Individual welfare benefits declined between 1970 and 1991. The purchasing power of benefits for the typical AFDC family fell 42 percent, primarily as a result of state and federal cuts.

aureality said...

This maybe late but....HHmmm-Welfare State...apparently great for those who have spent their working lives paying taxes to pay for their care and WELFARE in their dotage only to see a succession of British Governments move consistently to the US/Euopean model. It breaks my heart dealing with 'boomerang' admissions to A&E for those chronically ill/acute patients who are sent home too early to meet 'targets'. No rehab, no social care, no follow up.
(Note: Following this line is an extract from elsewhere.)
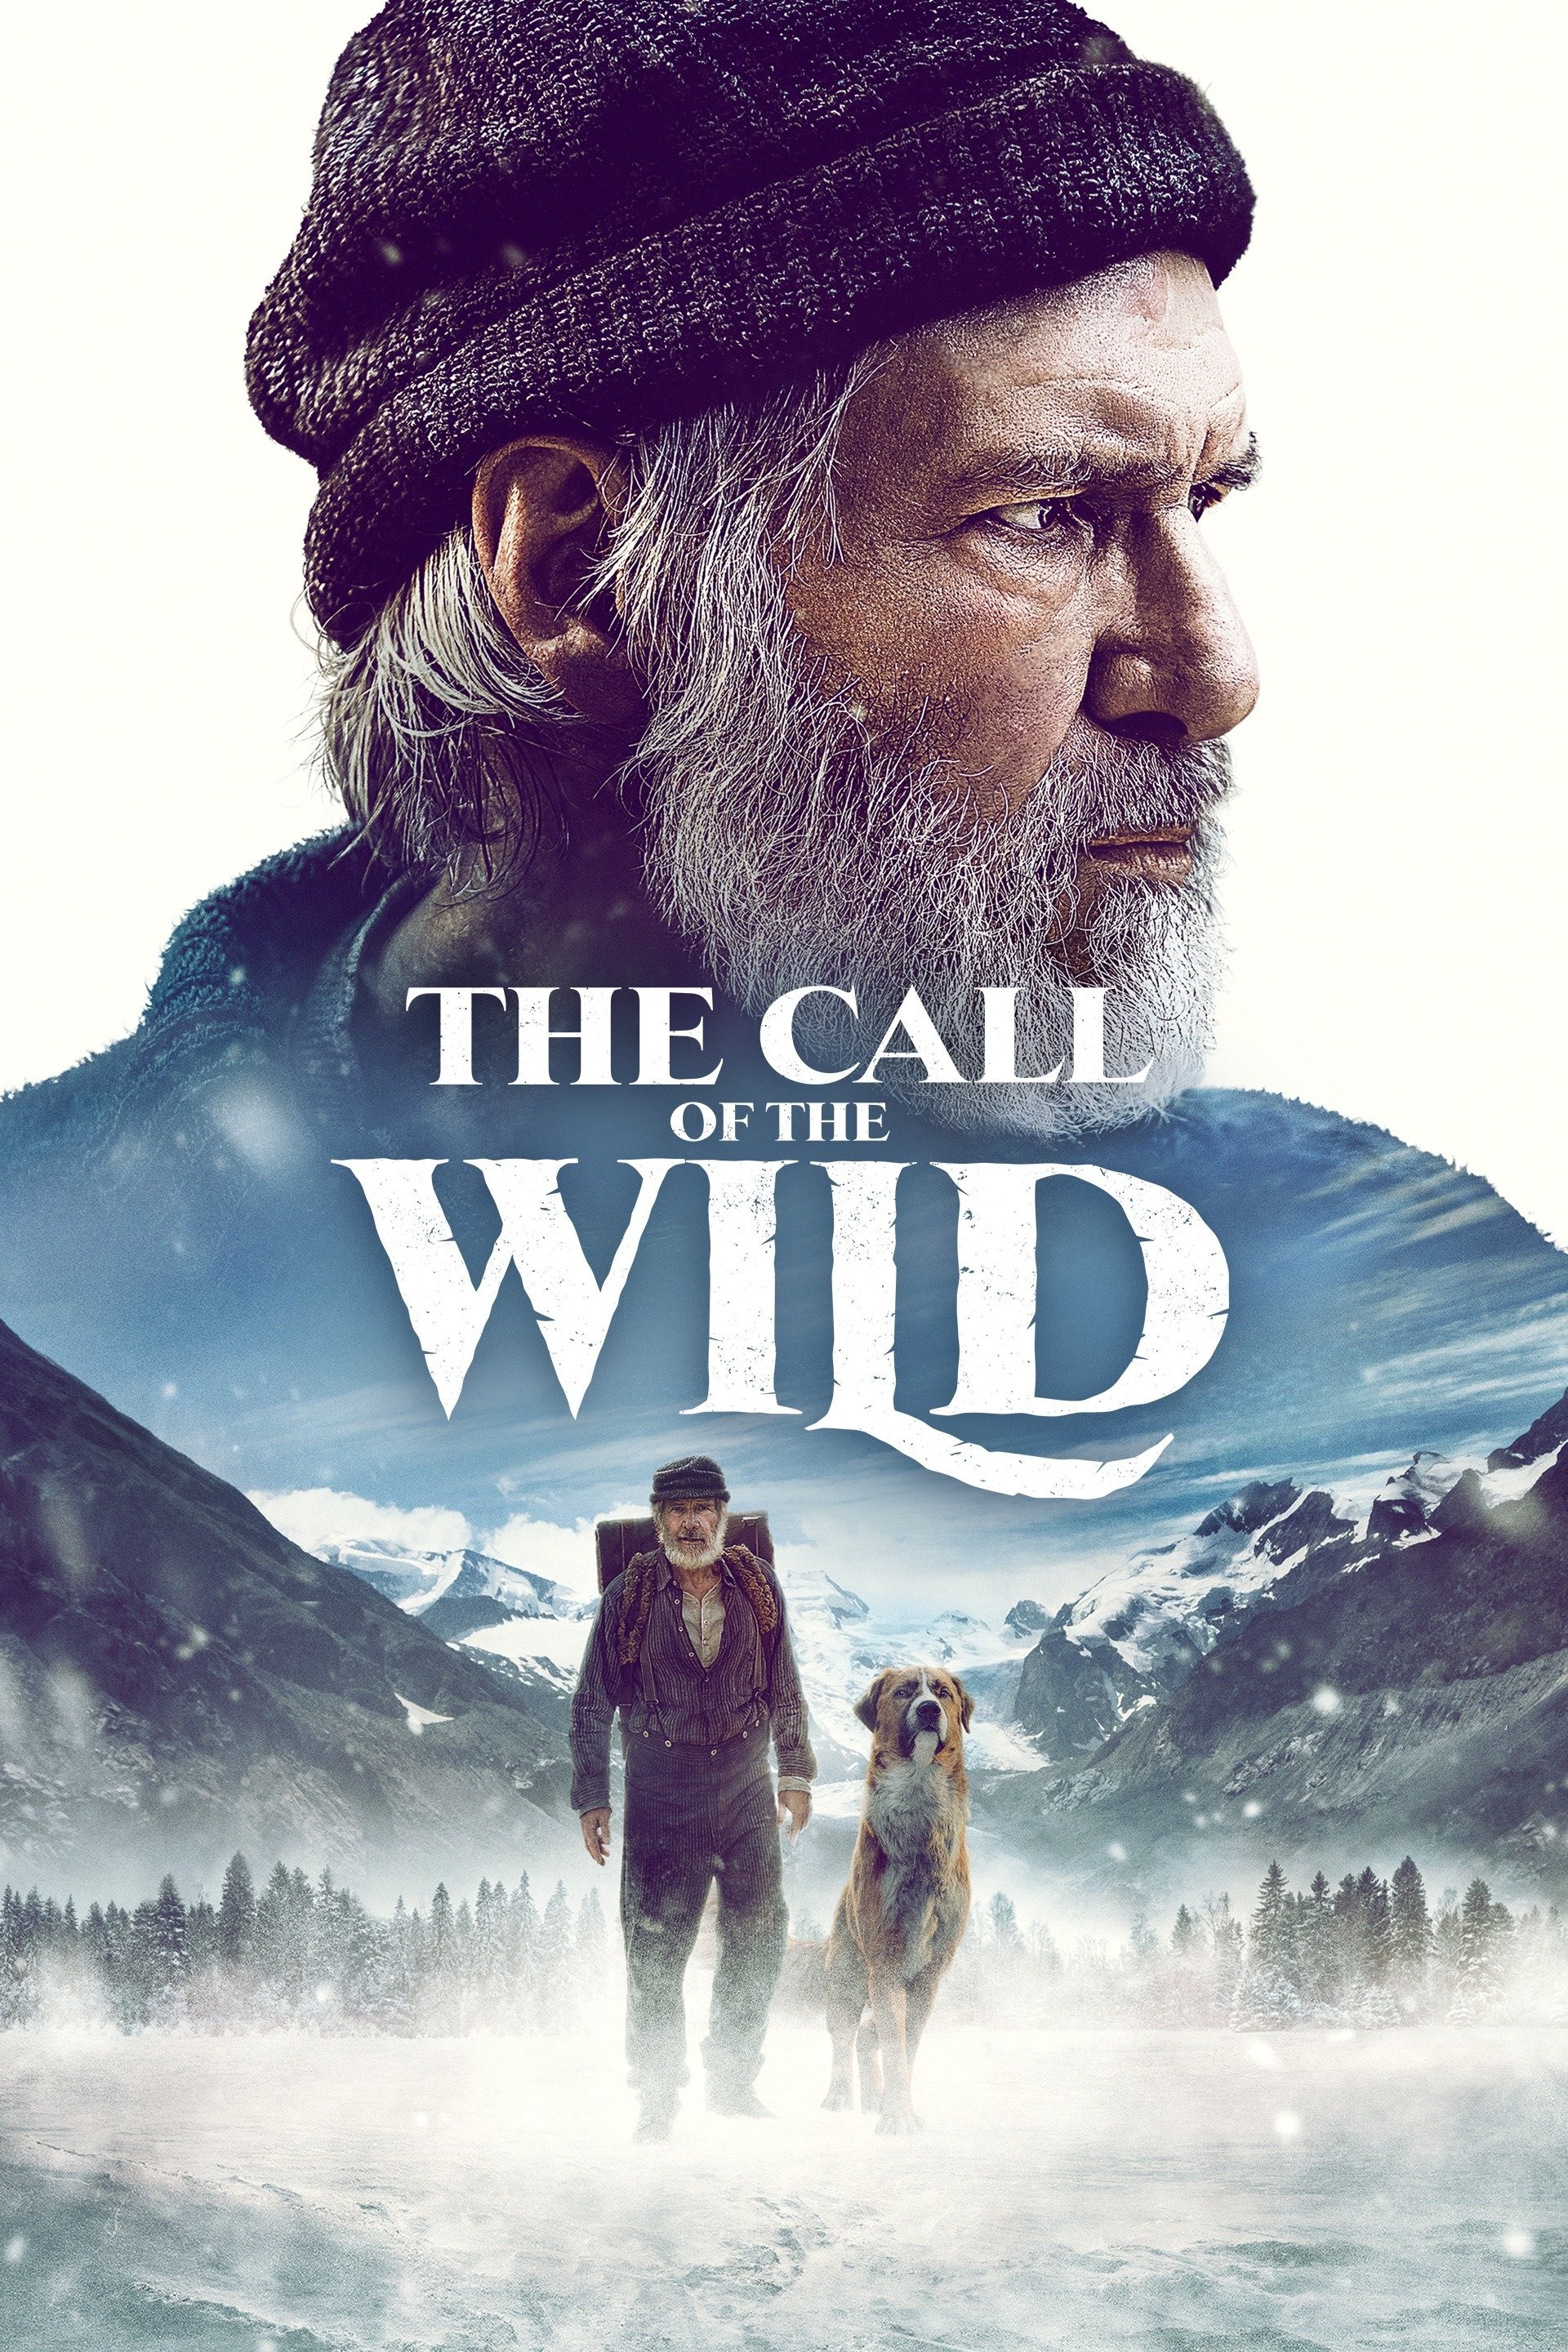 The Hunter: Call of the Wild — Contains Moderate Peril

The government has already spent the money...and rapidly the goodwill of the staff forced to face inequality in the face of overwhelming middle management....targets, targets etc...etc...I find now more time to be caring as a senior ER nurse when I ignore the 'pt flow' and deal with 'anticipation and fear' for the patients who have no idea what happening becuase the RN looking after them is trying to deal with triple what they should and has no time to even talk to them..if they speak english.....maybe I should retrain as a psychiatric professional before I join the ranks on sedation...

Lisa said...

The problem is not welfare; it's an ignorant mentality. I have a female, single mom relative who has a job but has no money for her children for necessities such as shoes, clothing, or swimming lessons, or time to take them to the doctor for check ups yet finds money and time for starbucks, manicures and pedicures for her 5 year old girl, nordstrom shoes, designer handbags, mall shopping, and driving 30 miles for her booty calls. She tries to get relatives to buy the necessities for her kids and when that doesn't work, she buys inappropriate apparel for her little girls such as platform shoes, spaghetti strap tops and short shorts for school. Disgusting.